Students may have been ill-prepared for crafting a solution to this problem. It is true that they have only seen two proofs similar to this problem: the professor's lecture included a proof which uses an argument similar to the one suggested by the hint, and a problem set problem required a proof structured similarly to my solution. It is reasonable to assume that students are not as familiar with proofs presented during lecture as those they have worked out themselves, but this probably does not fully account for why students performed differently on this problem.

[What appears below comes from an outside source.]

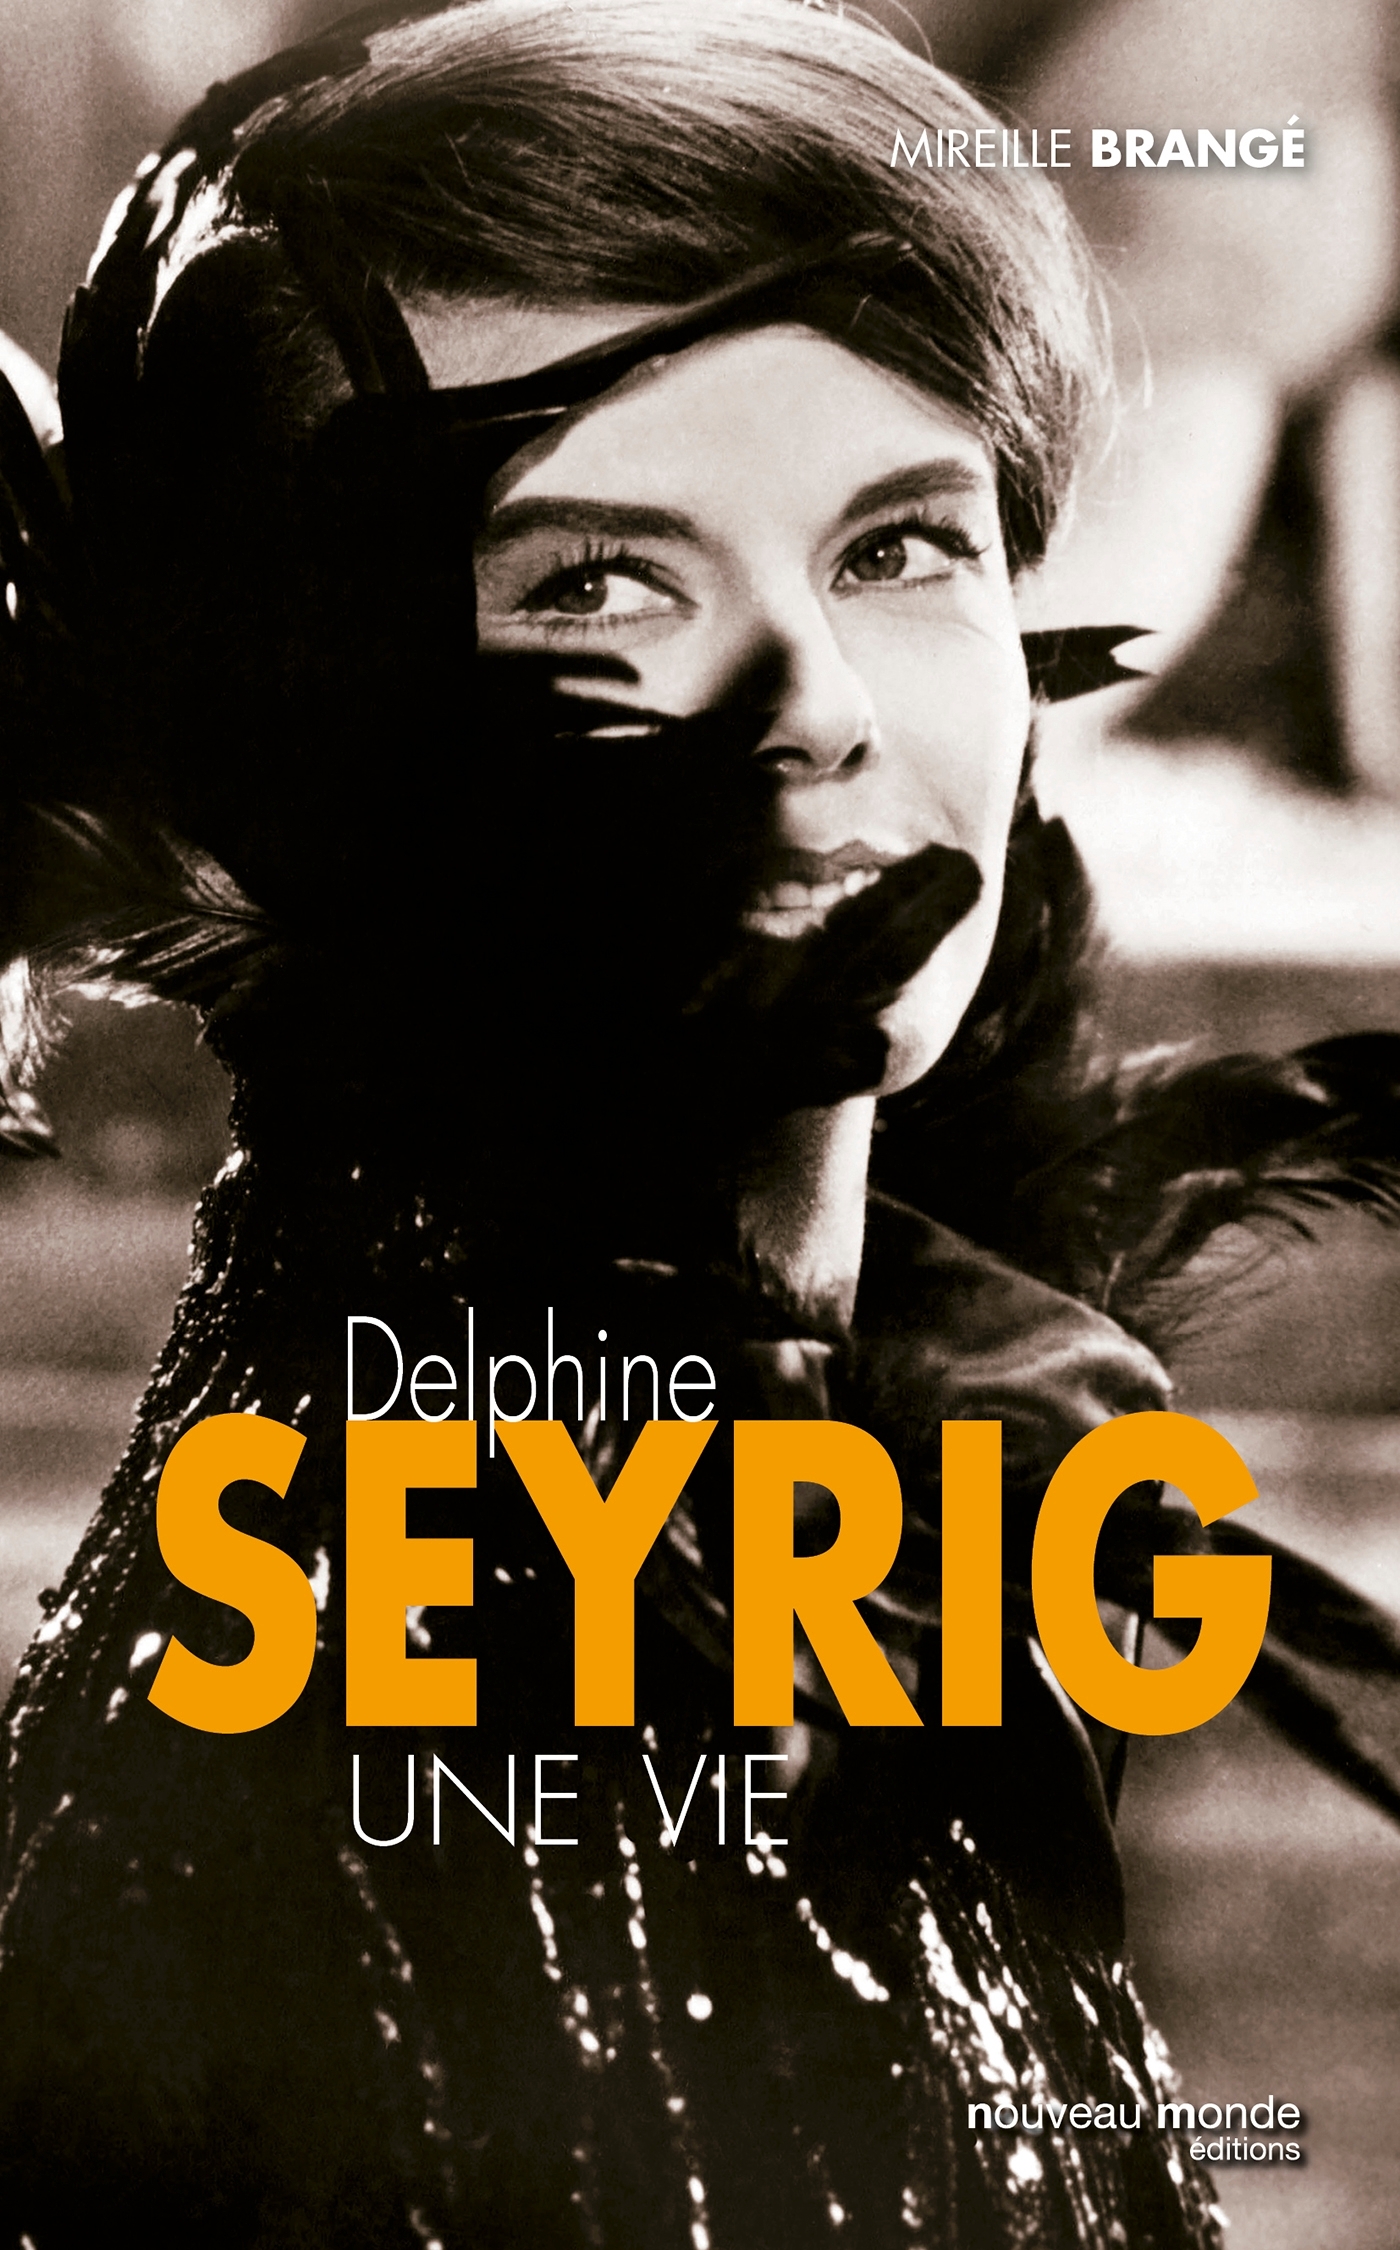 Delphine Seyrig, Une vie (9782369426660-front-cover)

Many students who did get at least partial credit on this problem cited that they did not have enough time to think about this problem correctly as they just figured out what they would need to do too close to the end of the quiz. This is probably because the general mindset for 6.042 thus far differs significantly from the mathematical mindset required for proving problem 3's statement, which isn't too surprising given that the mind of a mathematician and the mind of a computer scientist are required to work in (at least partially) different ways. Simply put, problem 3 of the second miniquiz showed me how unnatural theoretical proofs are to computer scientists.

I wonder if this illustrates that a deep understanding of math is becoming less and less important for being a good computer scientist as many successful MIT graduates take no math courses beyond the general Institute requirements and 6.042. However, I'd like to believe that even if this is the case, difficult problems incite curiosity within my students, causing them to dive deeper into mathematics. After all, having a better understanding of mathematics can't hurt them as computer scientists. At least, the questions students have personally emailed to me since getting their quizzes back supports my claim.